Some taxes are discharged in bankruptcy.
Goldstein Bershad & Fried, PC, is frequently involved in seeking relief for our clients from federal and state taxes. While tax payment installments can be forced on taxing authorities through chapter 11 and 13, often the simplest and least expensive solution is discharging the personal income taxes in chapter 7.
Individual Income Tax: Yes! Personal income tax liability, both state and federal, can be discharged in a bankruptcy if they were last due, including extensions, more than three years before the bankruptcy is filed AND the tax return was filed more than two years before the bankruptcy is filed.
Business Tax: Maybe! Individuals in control of a business can be personally liable for certain kinds of federal and state business related tax even if the business is a corporation or limited liability company. Of course, there is personal liability for all debts, taxes and otherwise, for individuals doing business as a sole proprietorship or partnership. Virtually all taxes except withholding tax can be discharged in a bankruptcy. To be discharged, the same two year and three year rules described above will apply.
What if the taxes can't be discharged? You can still get help in the Bankruptcy Court. In a chapter 11 or chapter 13 bankruptcy, you can force the taxing authority to accept installment payments of tax.
What are the tax advantages?
Tax debt is a large part of our business insolvency practice at Goldstein Bershad & Fried, PC, All taxes can be managed fairly effectively in bankruptcy:
Chapter 11 installments.

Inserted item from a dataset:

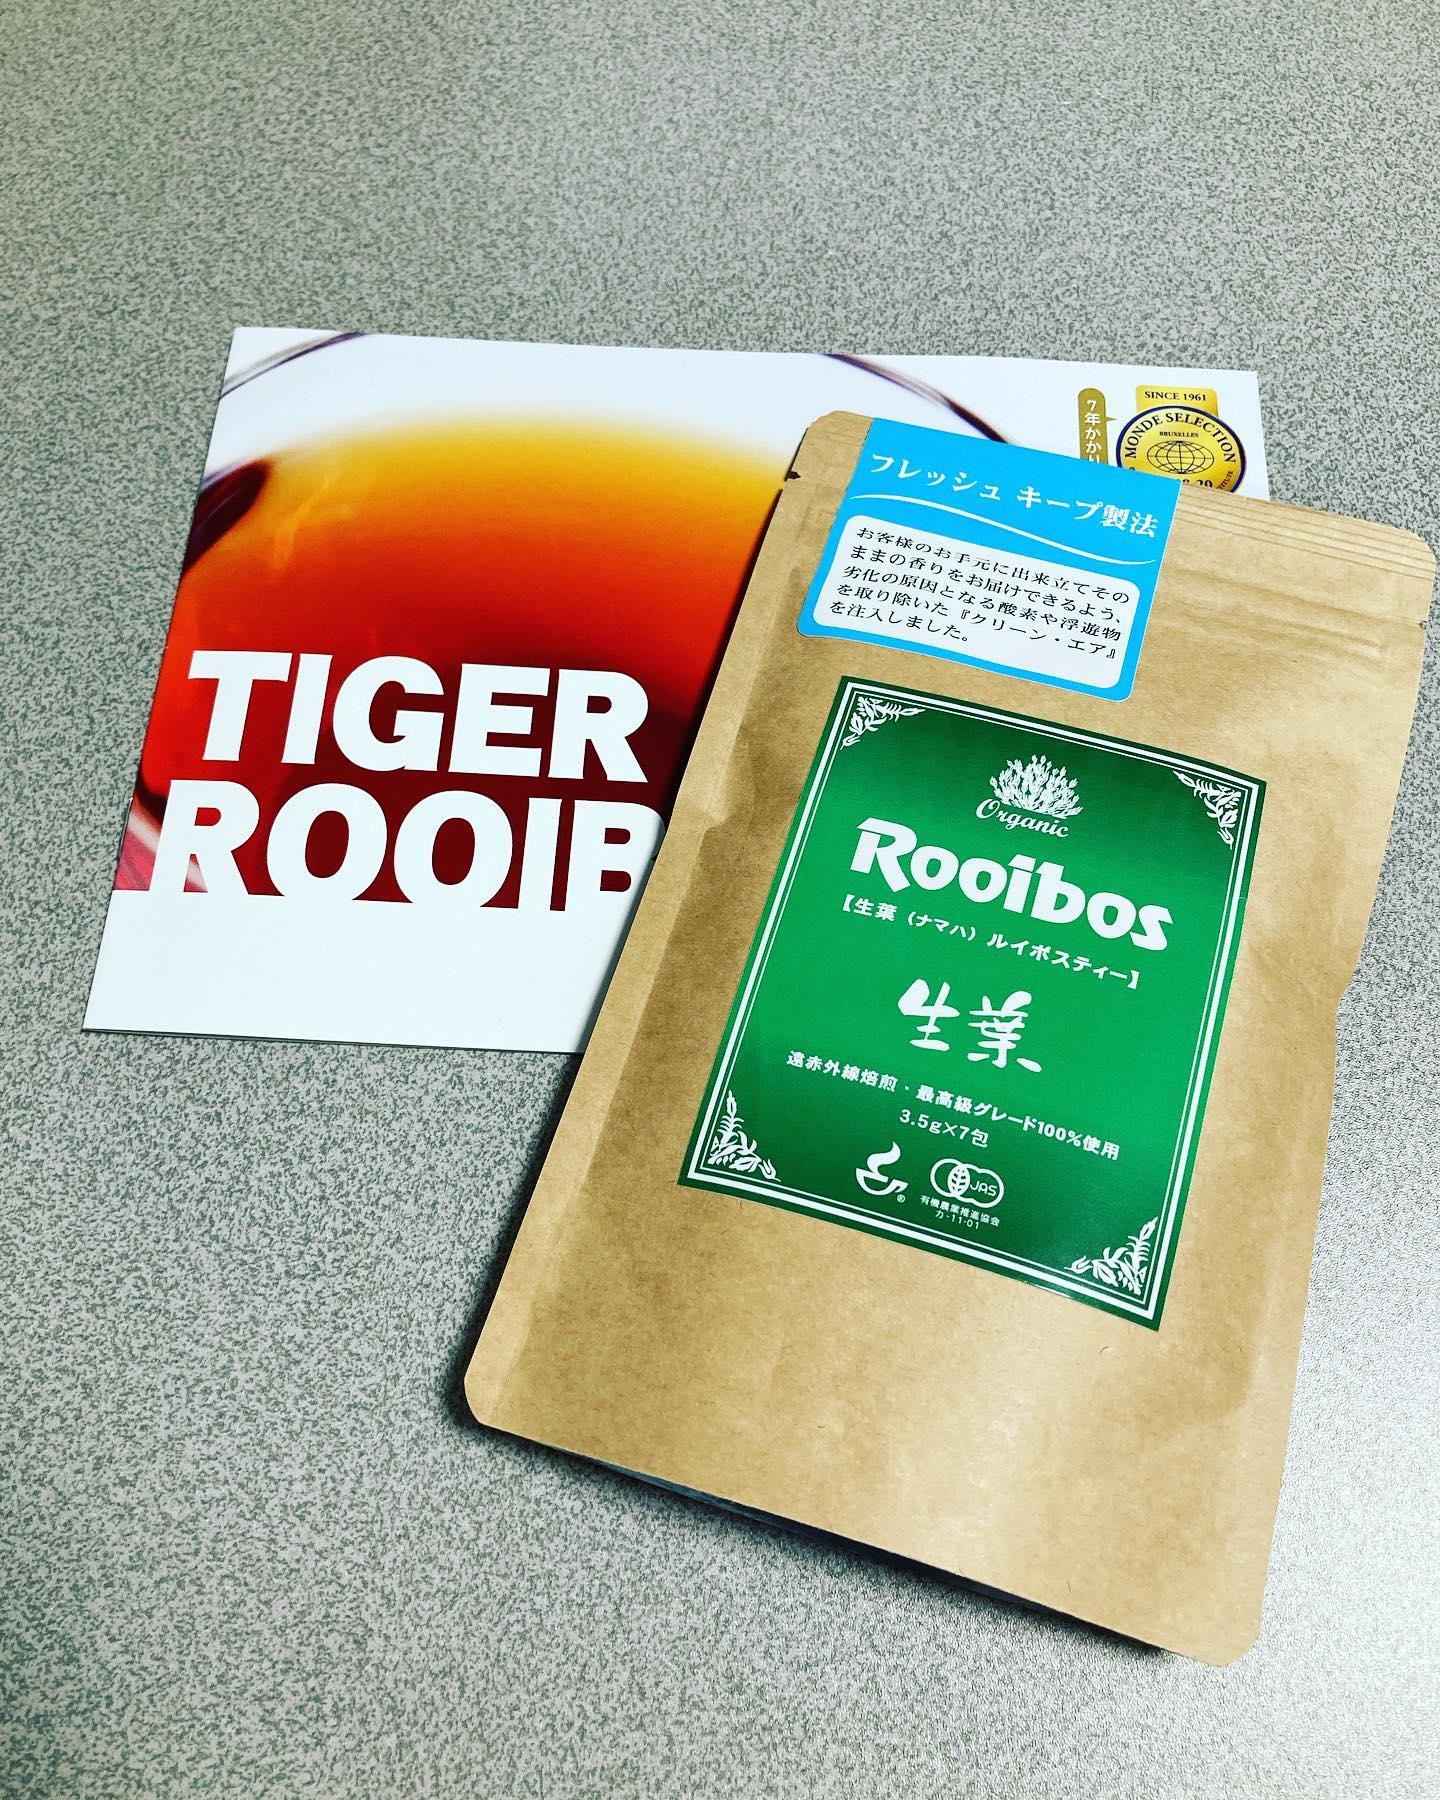 口コミ投稿:タイガー様のルイボスティーを飲んでみました⸌⍤⃝⸍美味しくて飲みやすく、何回もリピ…
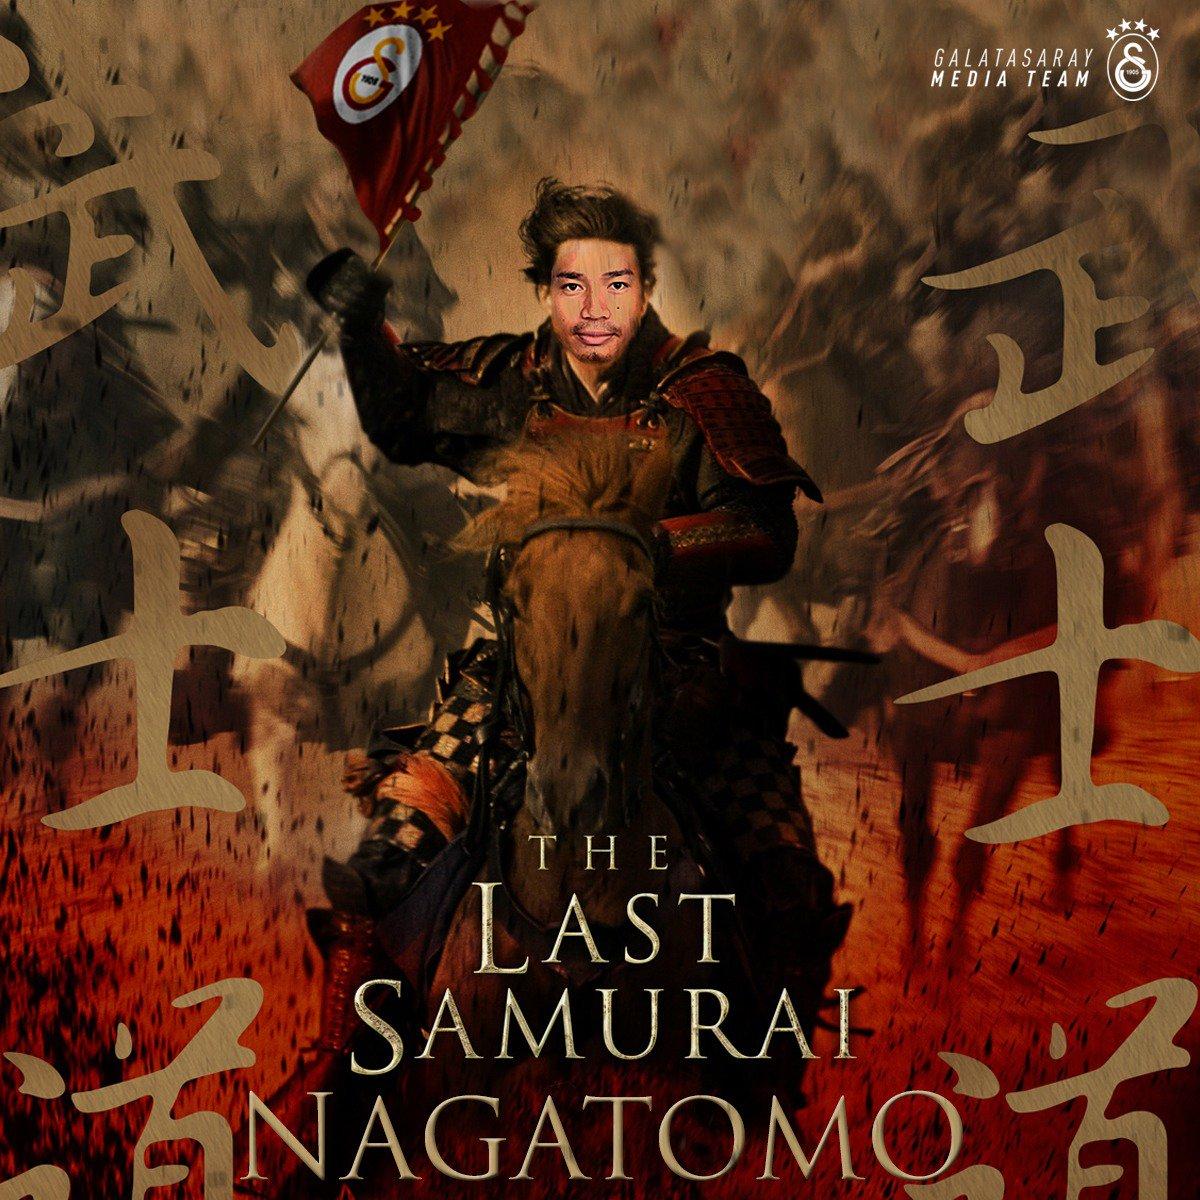 yuto nagatomo to galatasaray last samurai

There is no better way to deal with tax problems than in a chapter 11. Unsecured taxes can be paid over six years from date of Plan confirmation. Secured taxes (tax liens) can be paid over a longer period (10 years?) under a Plan, but then the IRS gets to vote on the Plan. This is always a better deal than you can get from the revenue officer.
Chapter 13 installments. In chapter 13, taxes may be paid over the life of the Plan - up to 5 years with a balloon at the end.
Discharge taxes. Income taxes can be discharged if the returns were last due more than 3 years before bankruptcy, and the returns were actually filed more than 2 years before bankruptcy.
Shift taxes. Income taxes can be shifted from the debtor to the trustee in a chapter 7 in a foreclosure situation. If the bank forecloses outside bankruptcy, it's income to the debtor. If the trustee sells the property, it's income to the bankruptcy estate, not the debtor. Must file before the foreclosure sale.
Second bite - missed deadlines. Have you been assessed withholding tax and now it's too late to file a protest? Is the IRS busy collecting? Get a second bite at the tax apple: the bankruptcy judge has authority to determine taxes even though the time limit for objecting to the IRS has passed. A chapter 7 will stop the IRS collections while the judge considers whether the assessment was proper. Doesn't apply if the issue was already litigated pre-petition.